In the entries below, the lines from the one with "Bild zu Sorge" through the one with "Wilmer e dintorni" are to be copied exactly; both ends count.

**Task data**
****************

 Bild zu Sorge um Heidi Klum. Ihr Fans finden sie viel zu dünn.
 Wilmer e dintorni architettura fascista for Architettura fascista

****************

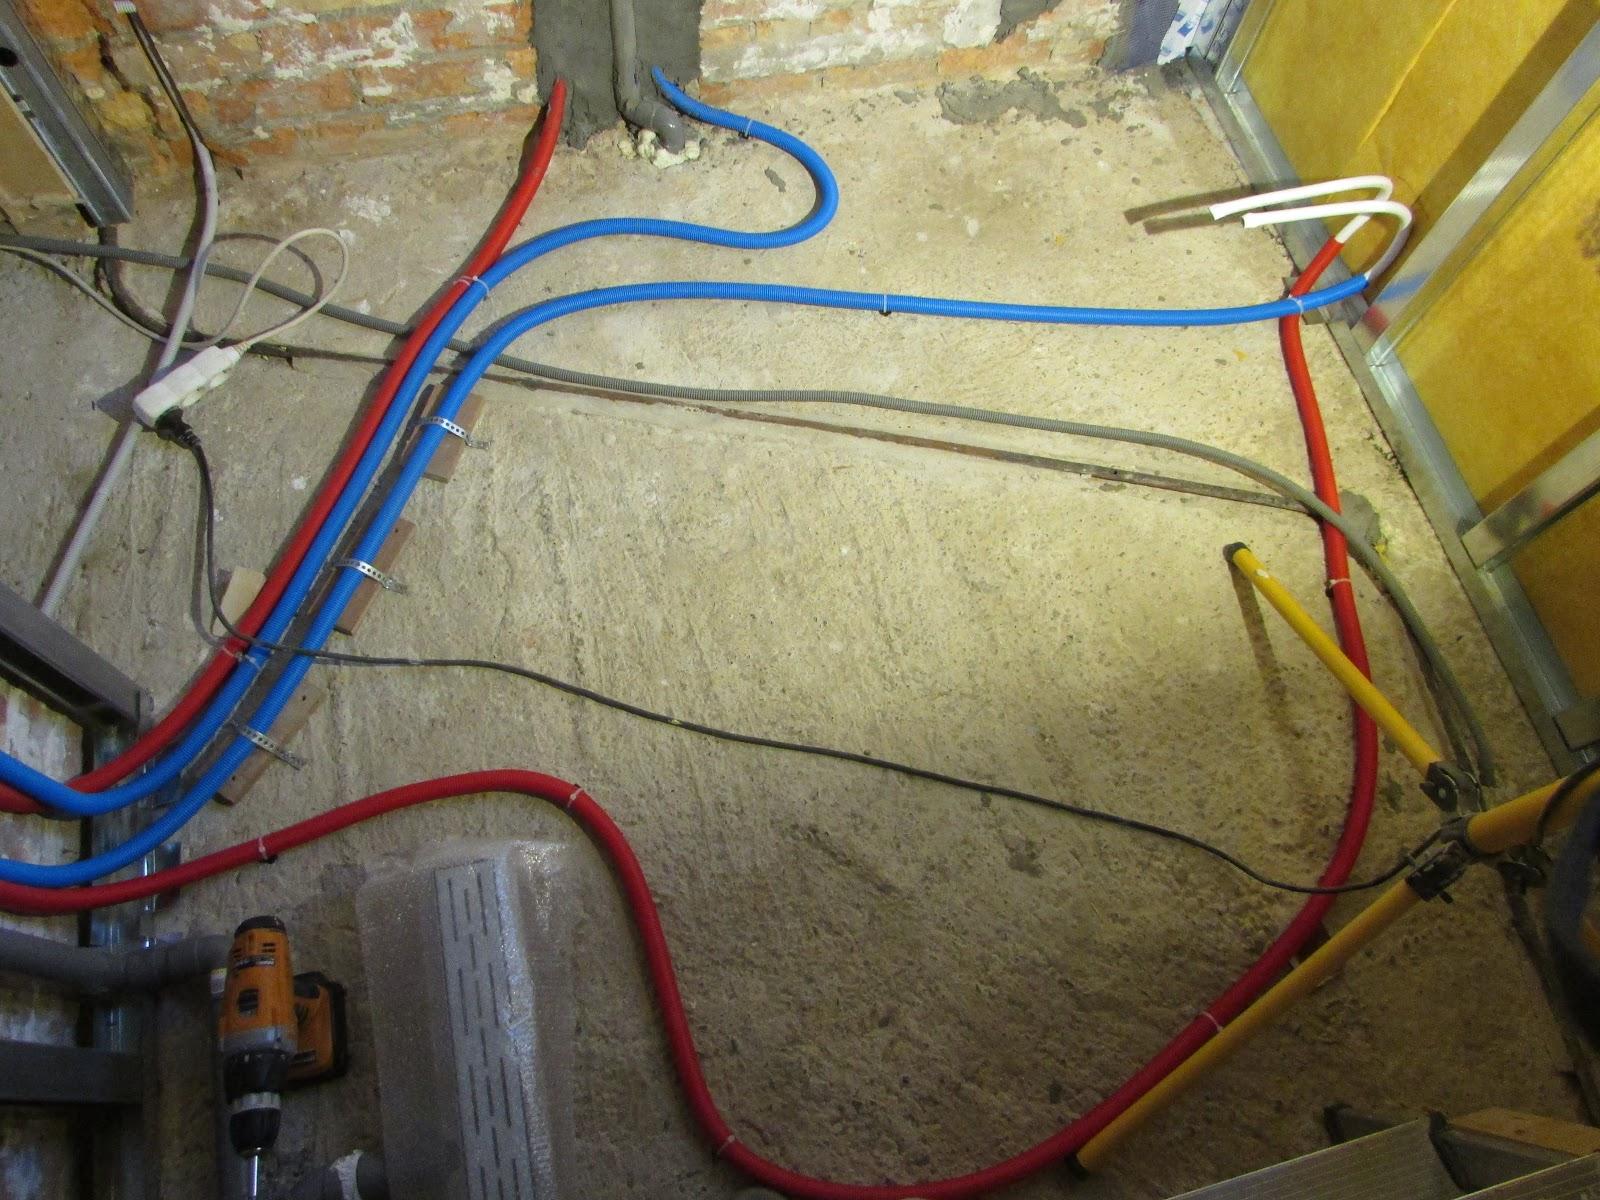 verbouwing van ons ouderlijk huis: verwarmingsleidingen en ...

****************

**Your solution**
 Bild zu Sorge um Heidi Klum. Ihr Fans finden sie viel zu dünn.
 Wilmer e dintorni architettura fascista for Architettura fascista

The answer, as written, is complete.